- **WORK TO BE COMPLETED**:
For every line in the material, output its text exactly and exclude any image it holds.

:: DATASET EXTRACT

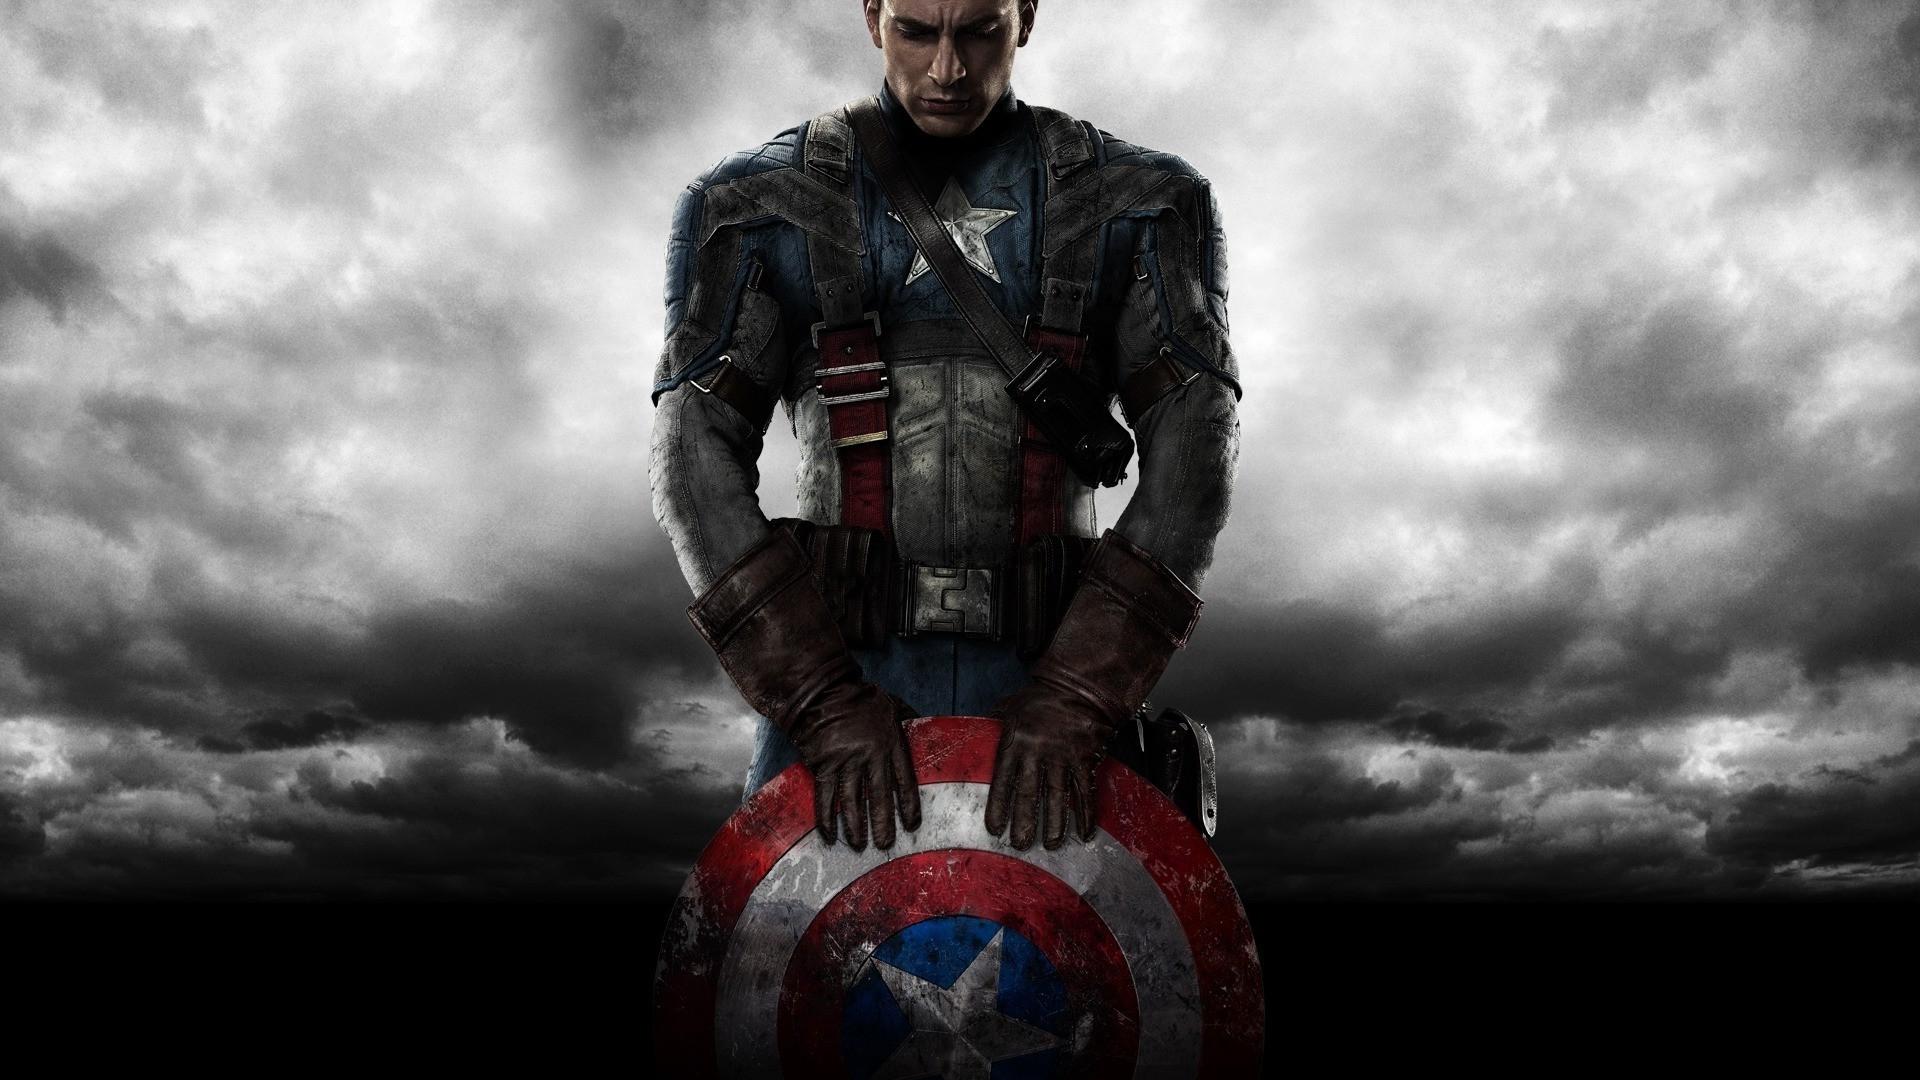 https://get.wallhere.com/photo/1920x1080-px-america-Avenger-captain-superhero-804996.jpg
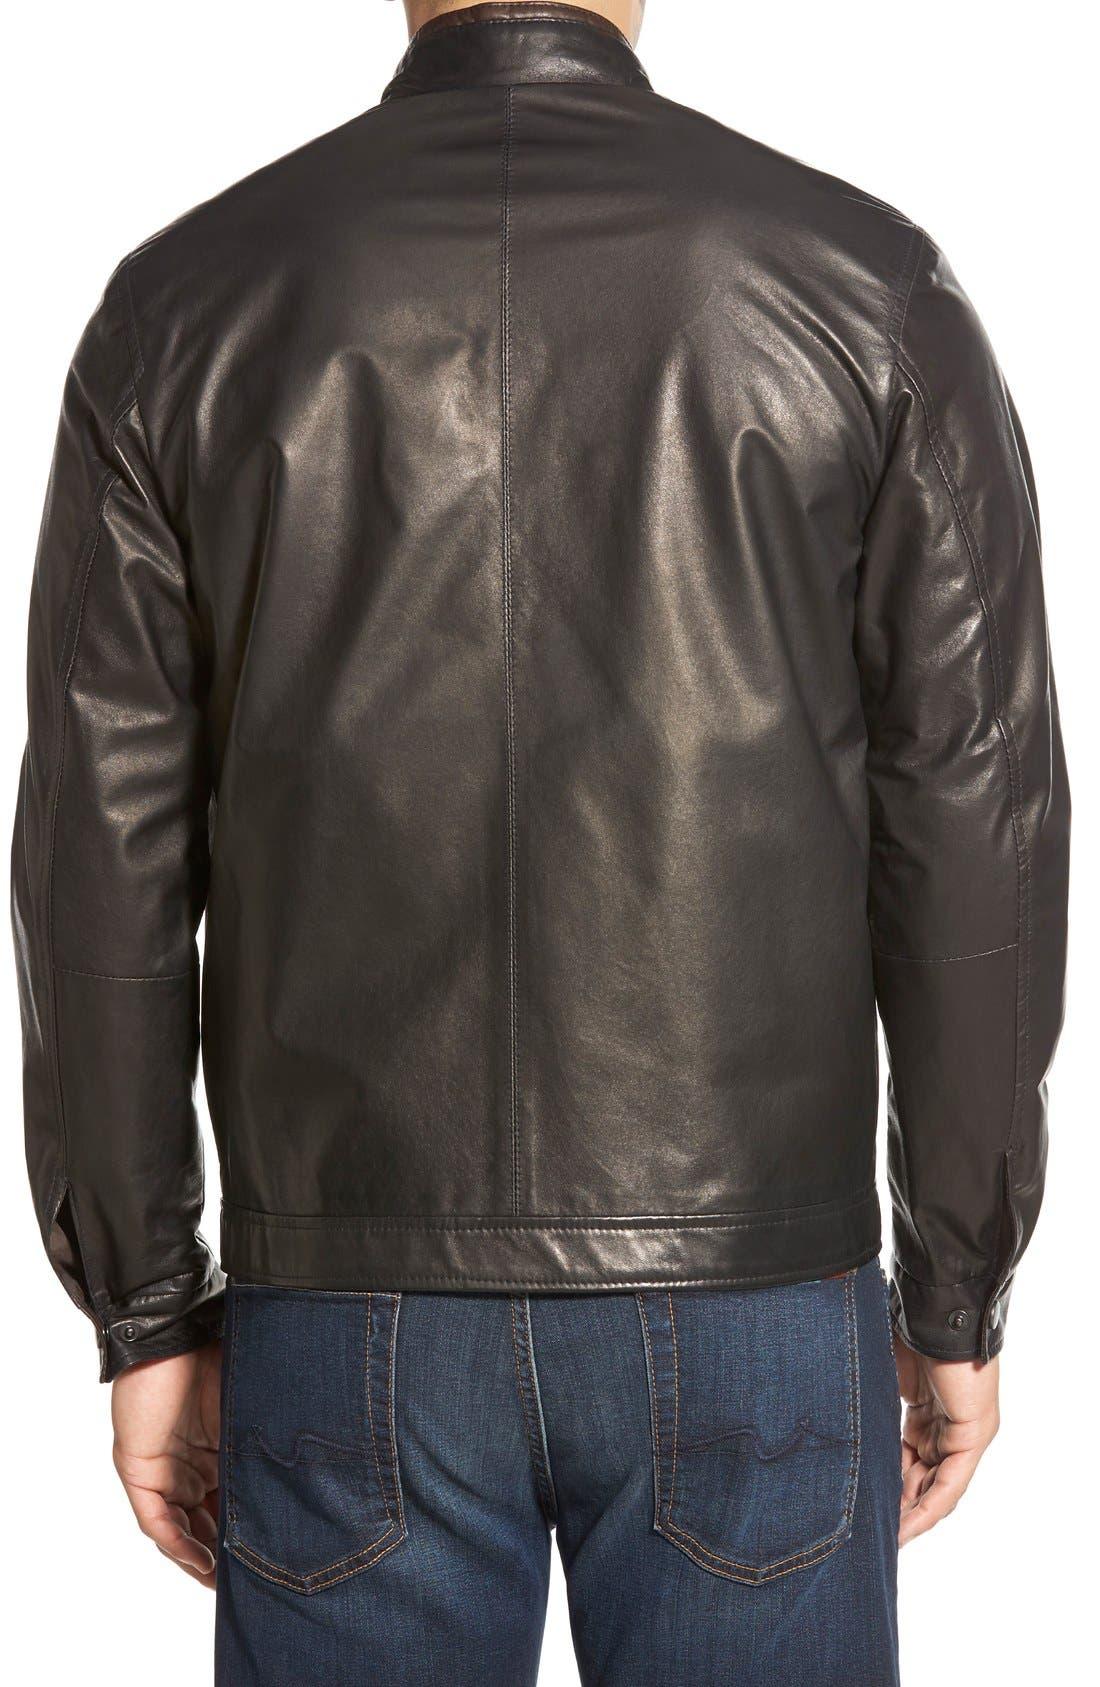 Lambskin Leather Jacket,                             Alternate thumbnail 2, color,                             MIDNITE
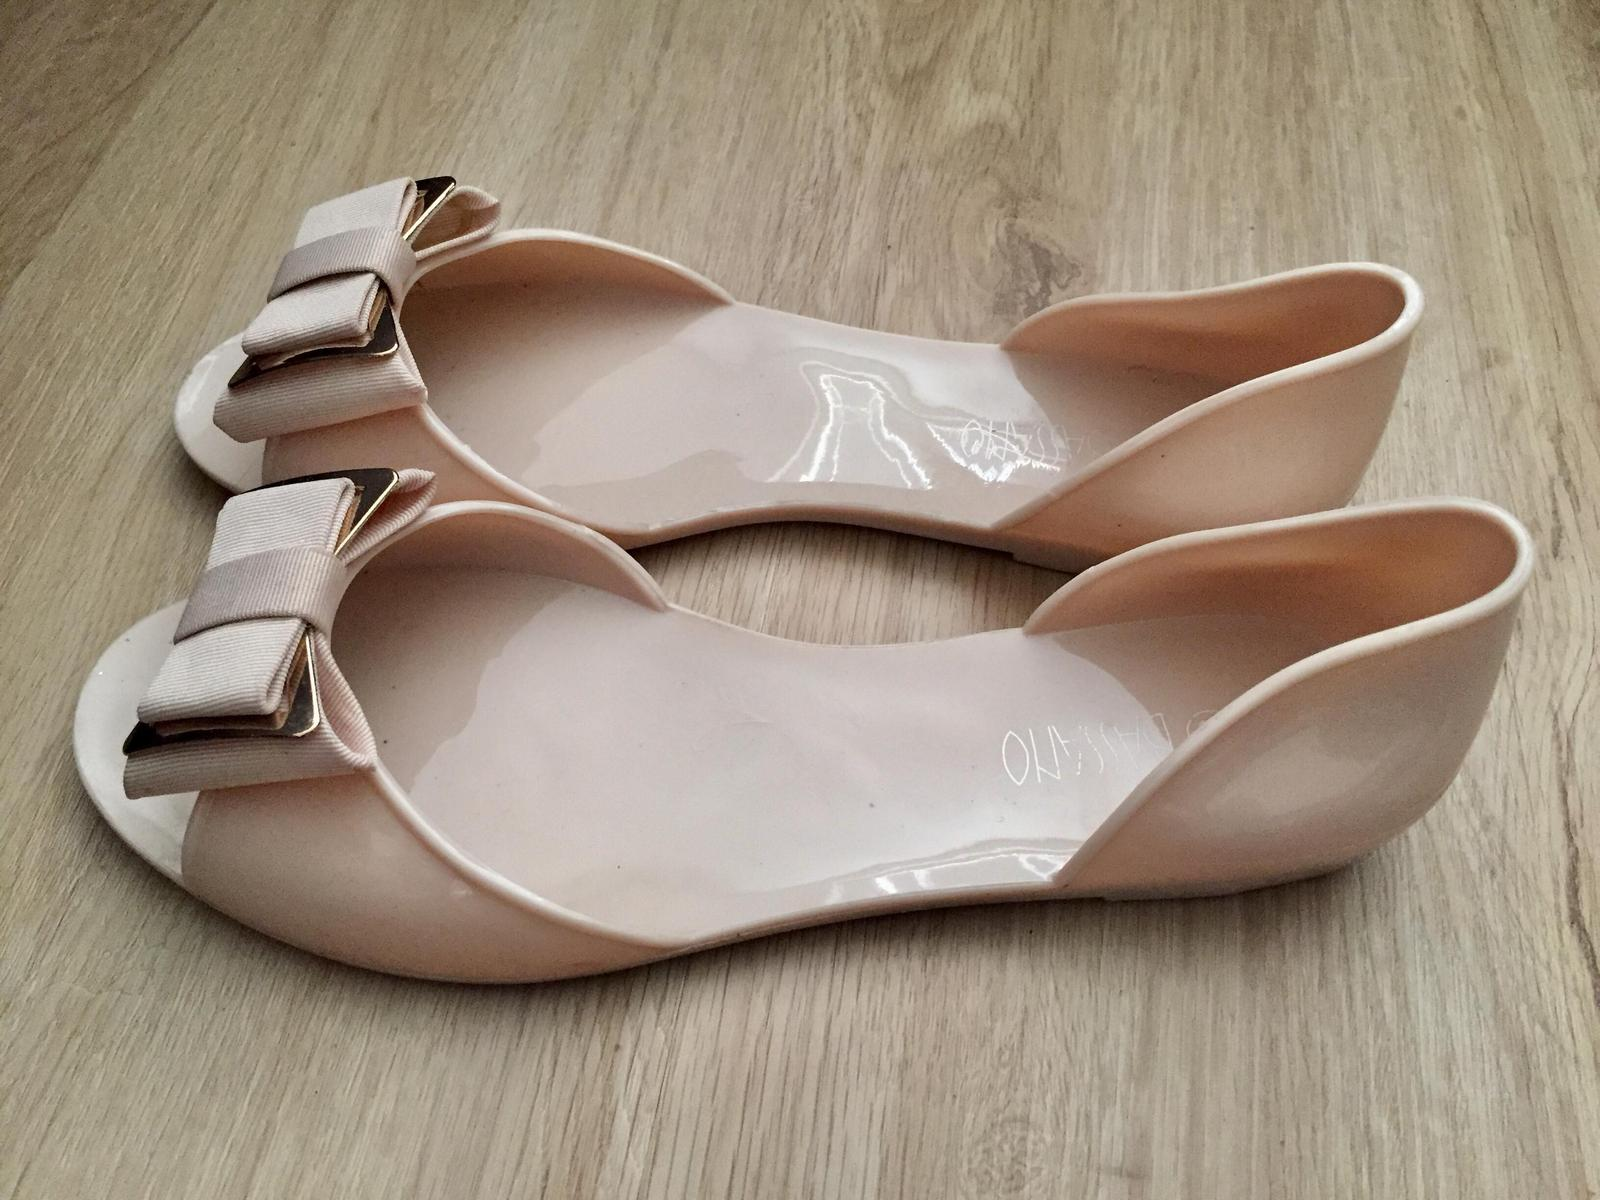 Sandále s otvorenou špičkou, 1x obuté - Obrázok č. 2
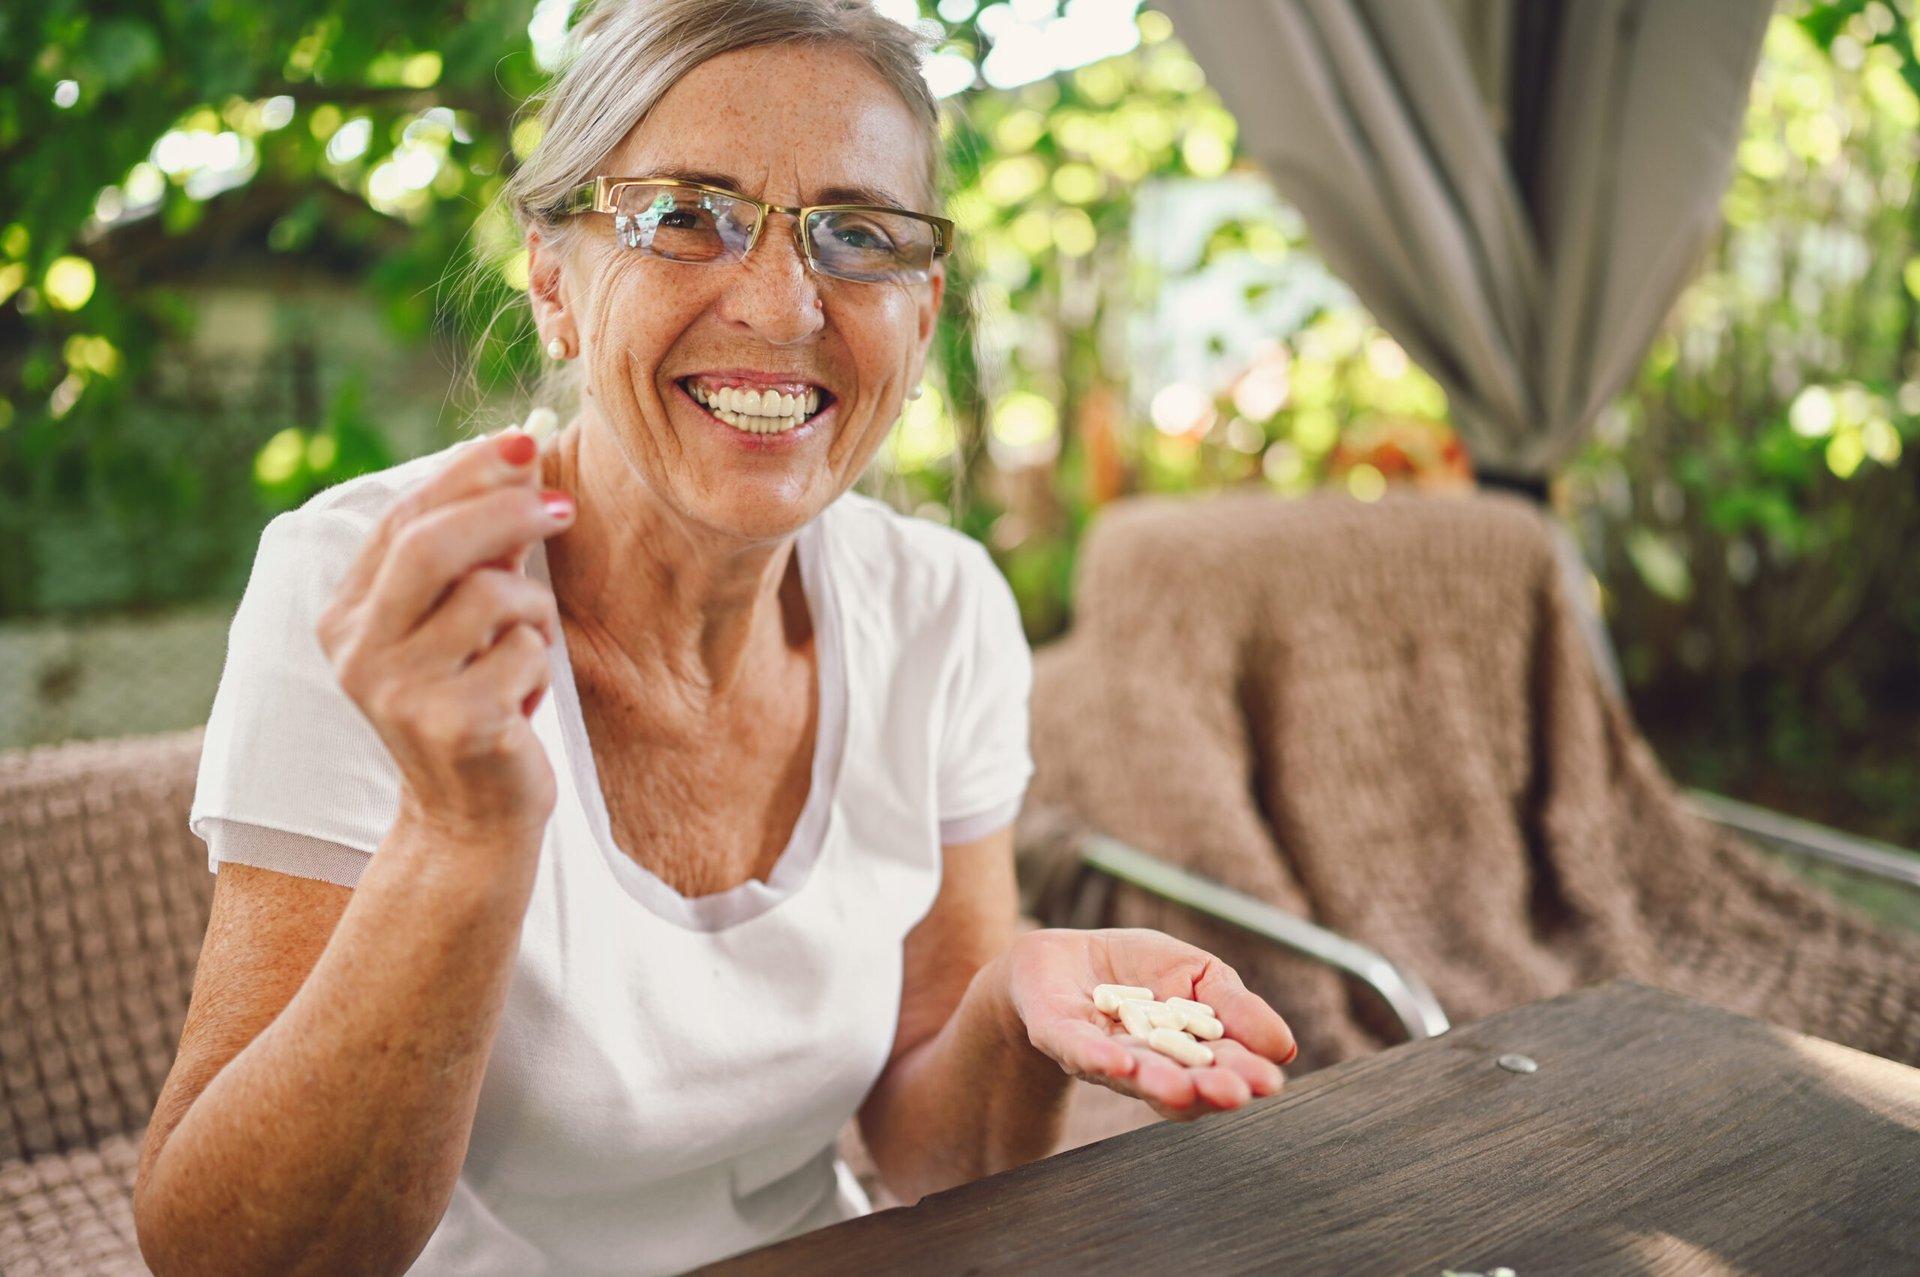 Elderly woman with prescription drugs

::::

- **ANSWER SPACE**:
 https://get.wallhere.com/photo/1920x1080-px-america-Avenger-captain-superhero-804996.jpg
 Lambskin Leather Jacket,                             Alternate thumbnail 2, color,                             MIDNITE
 Sandále s otvorenou špičkou, 1x obuté - Obrázok č. 2
 Elderly woman with prescription drugs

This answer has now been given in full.